- _What to do_
Copy each line from the listing below where the word "Black" shows up.
═══ Data to examine ═══
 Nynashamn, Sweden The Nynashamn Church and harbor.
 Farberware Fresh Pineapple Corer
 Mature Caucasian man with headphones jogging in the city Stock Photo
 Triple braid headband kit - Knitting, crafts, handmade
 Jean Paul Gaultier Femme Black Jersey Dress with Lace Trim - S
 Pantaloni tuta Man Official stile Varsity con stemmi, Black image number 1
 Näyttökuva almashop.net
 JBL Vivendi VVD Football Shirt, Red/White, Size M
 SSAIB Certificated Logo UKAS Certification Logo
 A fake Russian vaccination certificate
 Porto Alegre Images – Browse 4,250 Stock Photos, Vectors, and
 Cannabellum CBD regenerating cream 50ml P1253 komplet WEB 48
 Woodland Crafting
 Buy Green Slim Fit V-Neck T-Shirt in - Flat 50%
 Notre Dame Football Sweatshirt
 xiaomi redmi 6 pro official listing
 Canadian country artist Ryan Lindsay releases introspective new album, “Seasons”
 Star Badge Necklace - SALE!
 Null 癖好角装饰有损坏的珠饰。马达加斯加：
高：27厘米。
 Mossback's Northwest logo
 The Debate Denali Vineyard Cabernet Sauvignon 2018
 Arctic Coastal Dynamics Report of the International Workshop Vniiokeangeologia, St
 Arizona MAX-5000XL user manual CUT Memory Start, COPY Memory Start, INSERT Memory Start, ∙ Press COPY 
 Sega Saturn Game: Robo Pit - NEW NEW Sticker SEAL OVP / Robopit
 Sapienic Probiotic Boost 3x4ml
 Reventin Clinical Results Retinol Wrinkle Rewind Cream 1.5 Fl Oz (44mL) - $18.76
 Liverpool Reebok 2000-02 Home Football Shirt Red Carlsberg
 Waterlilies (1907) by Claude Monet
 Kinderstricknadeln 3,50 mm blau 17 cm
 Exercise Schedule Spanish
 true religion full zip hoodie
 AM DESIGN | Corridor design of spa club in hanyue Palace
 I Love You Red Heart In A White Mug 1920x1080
═══
- _Answer box_
 Jean Paul Gaultier Femme Black Jersey Dress with Lace Trim - S
 Pantaloni tuta Man Official stile Varsity con stemmi, Black image number 1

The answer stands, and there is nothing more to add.